:: EXERCISE MATERIAL ::
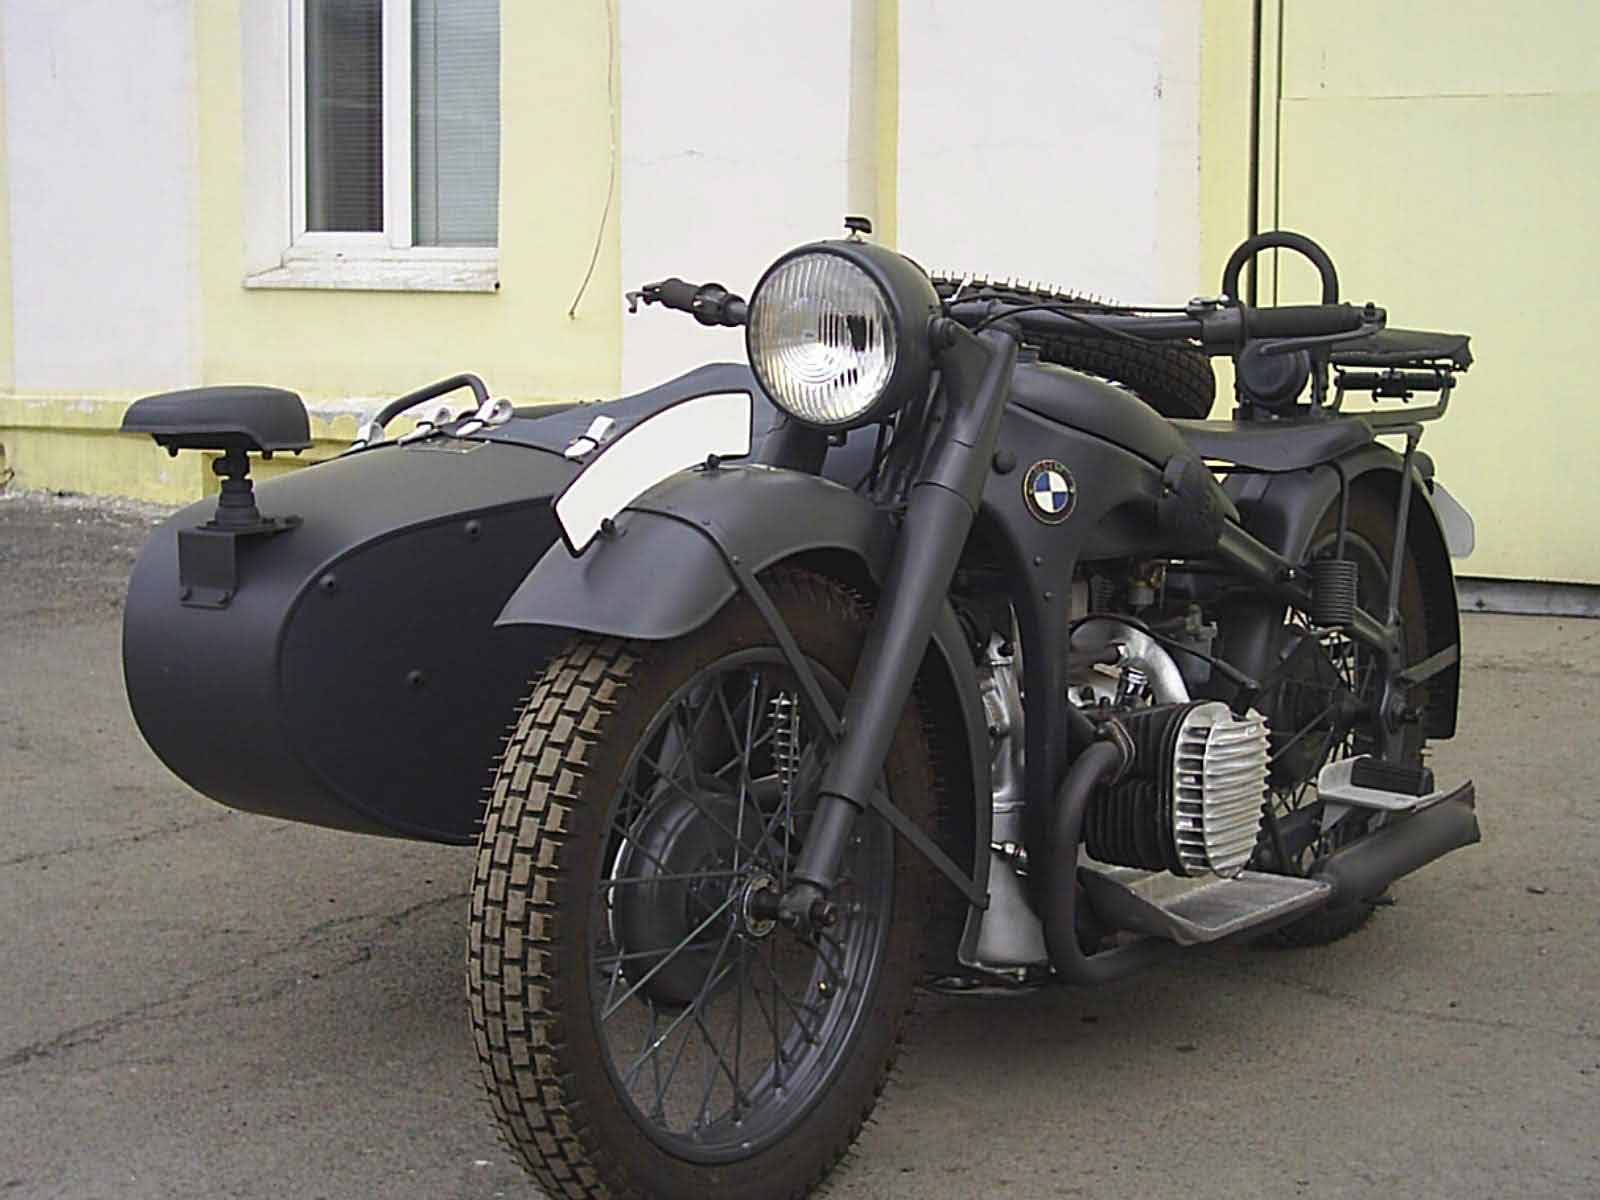 Мотоциклы БМВ военных лет #10
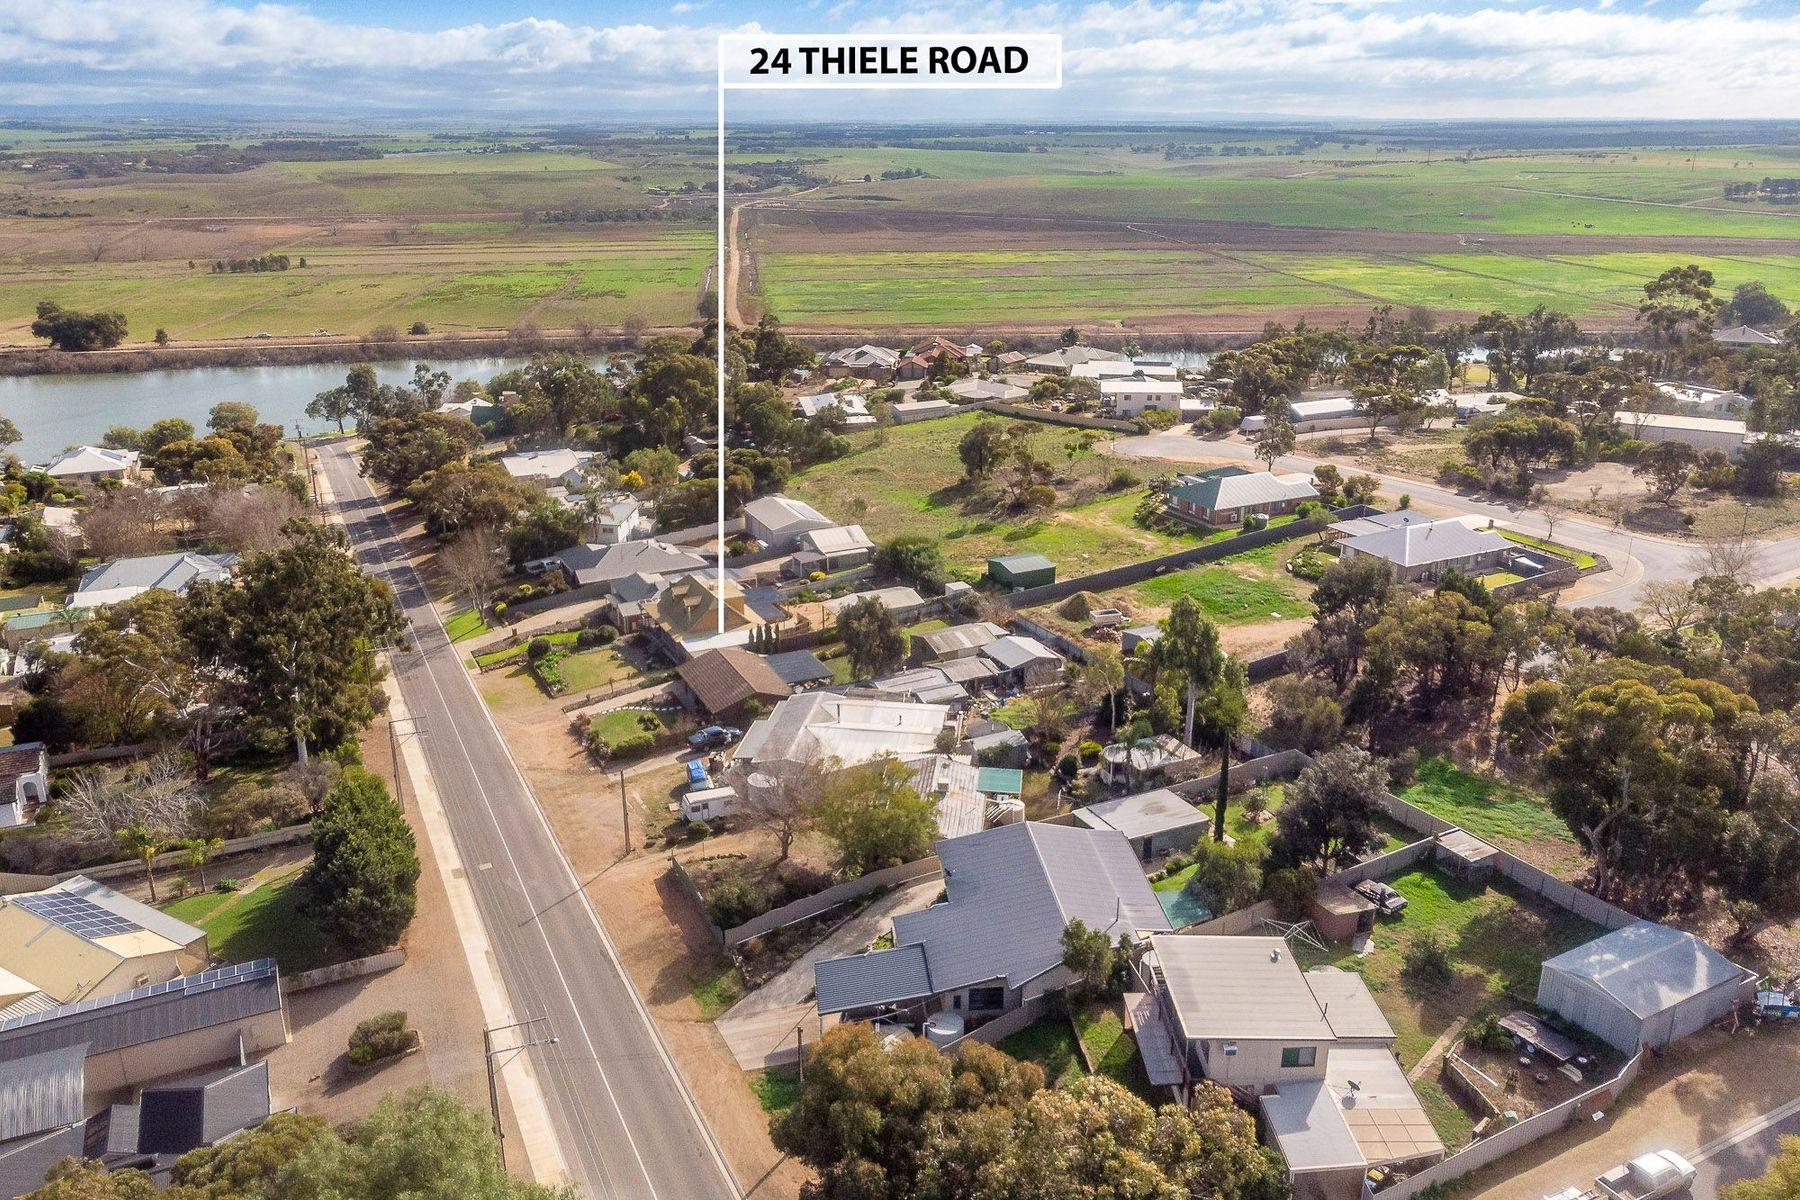 24 Thiele Road, Murray Bridge, SA 5253
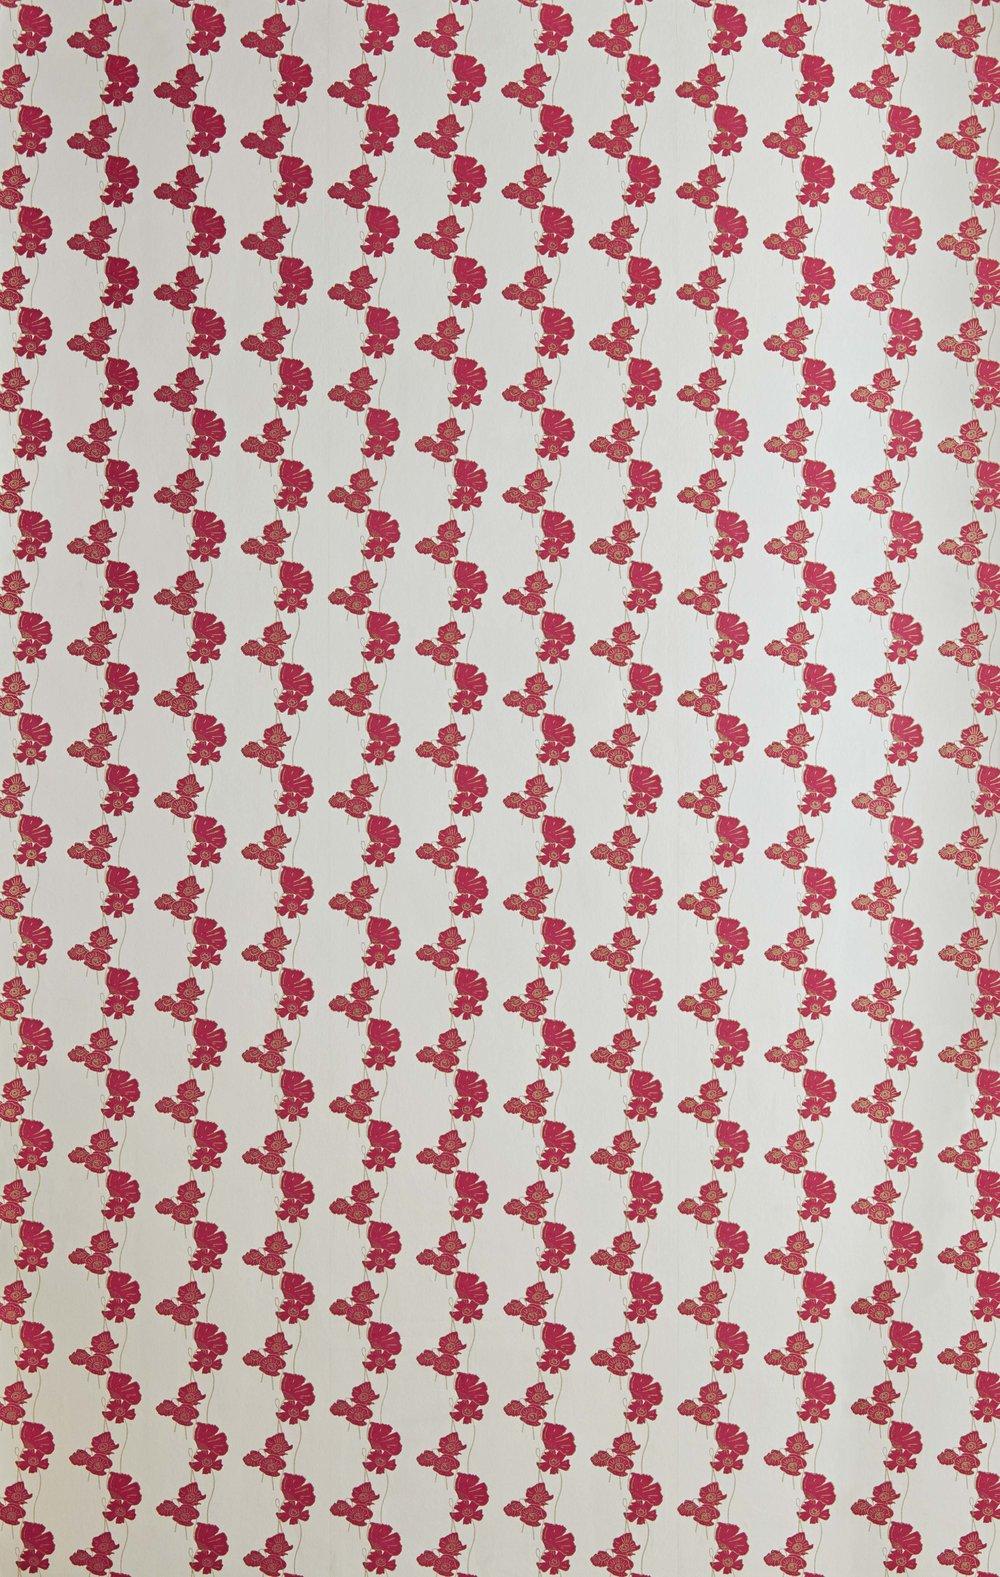 Barneby Gates - Poppy Fields - Red-Gold - Flat 3.jpg
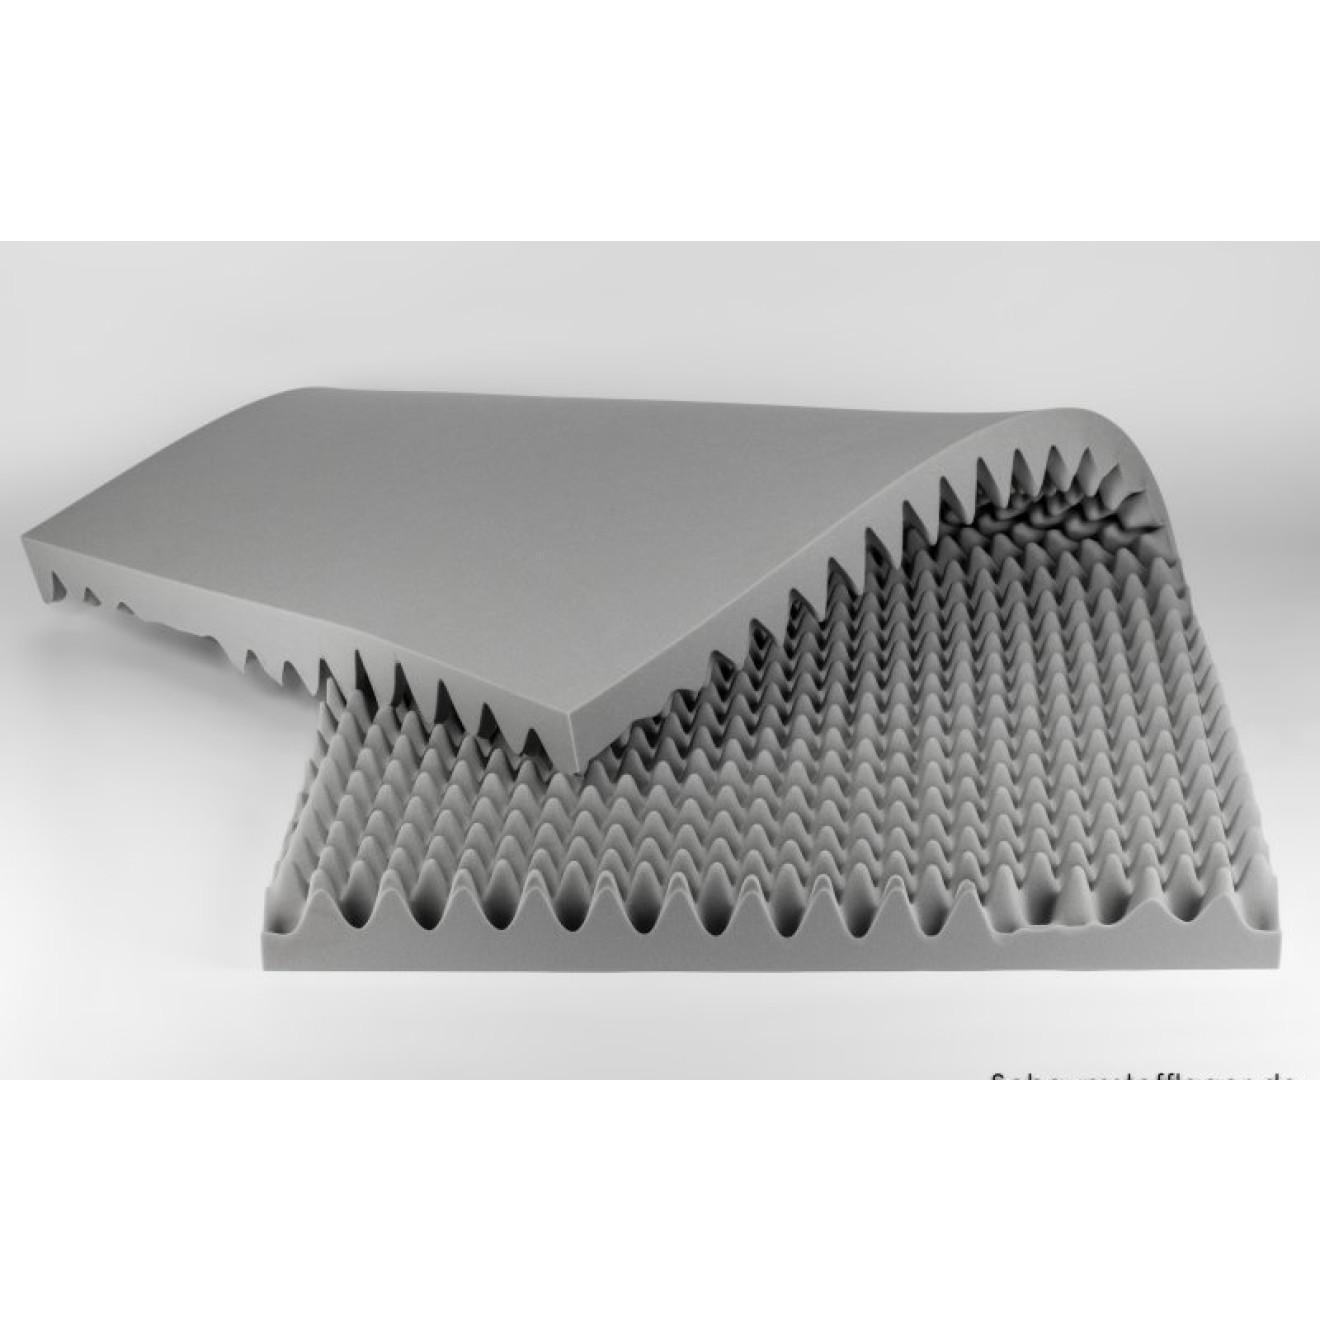 schallschutz noppenschaumstoff hier bestellen. Black Bedroom Furniture Sets. Home Design Ideas
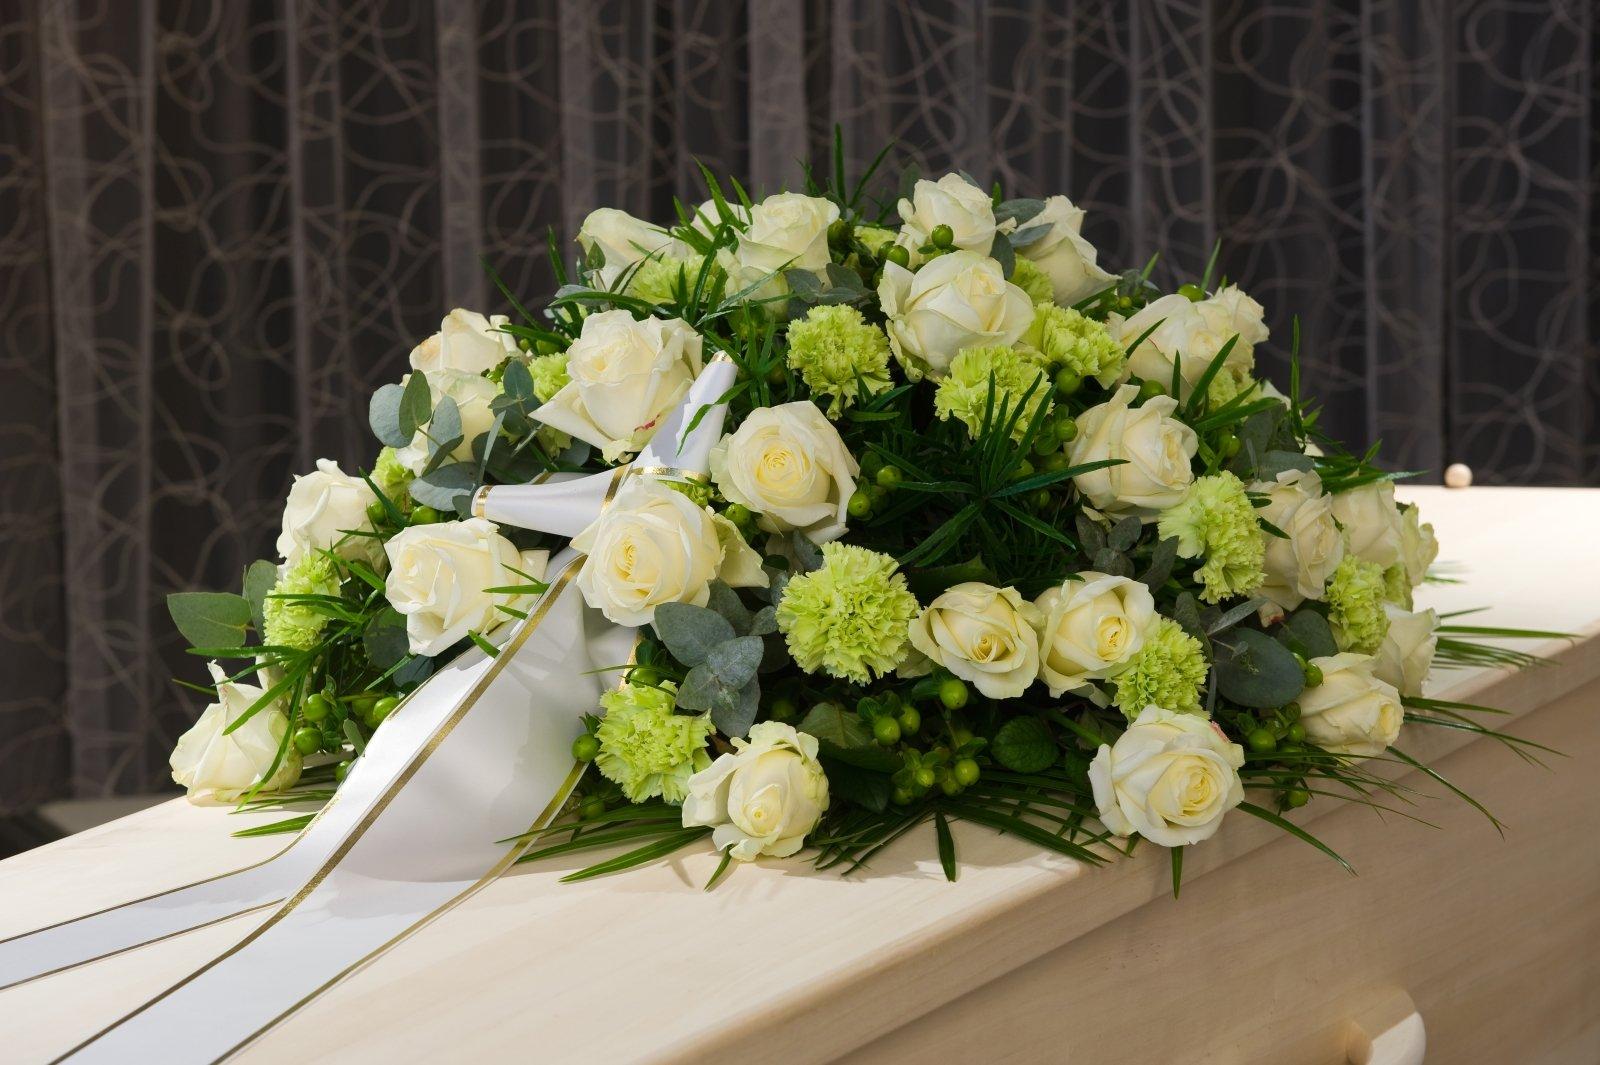 corone di rose e garofani gialli

:: WHAT THE EXERCISE ASKS ::
What is needed is an exact copy of the lines from the line with "schallschutz noppenschaumstoff hier" to the end of the data above, both included, without any pictures.

:: OUTPUT OF THE EXERCISE ::
 schallschutz noppenschaumstoff hier bestellen. Black Bedroom Furniture Sets. Home Design Ideas
 corone di rose e garofani gialli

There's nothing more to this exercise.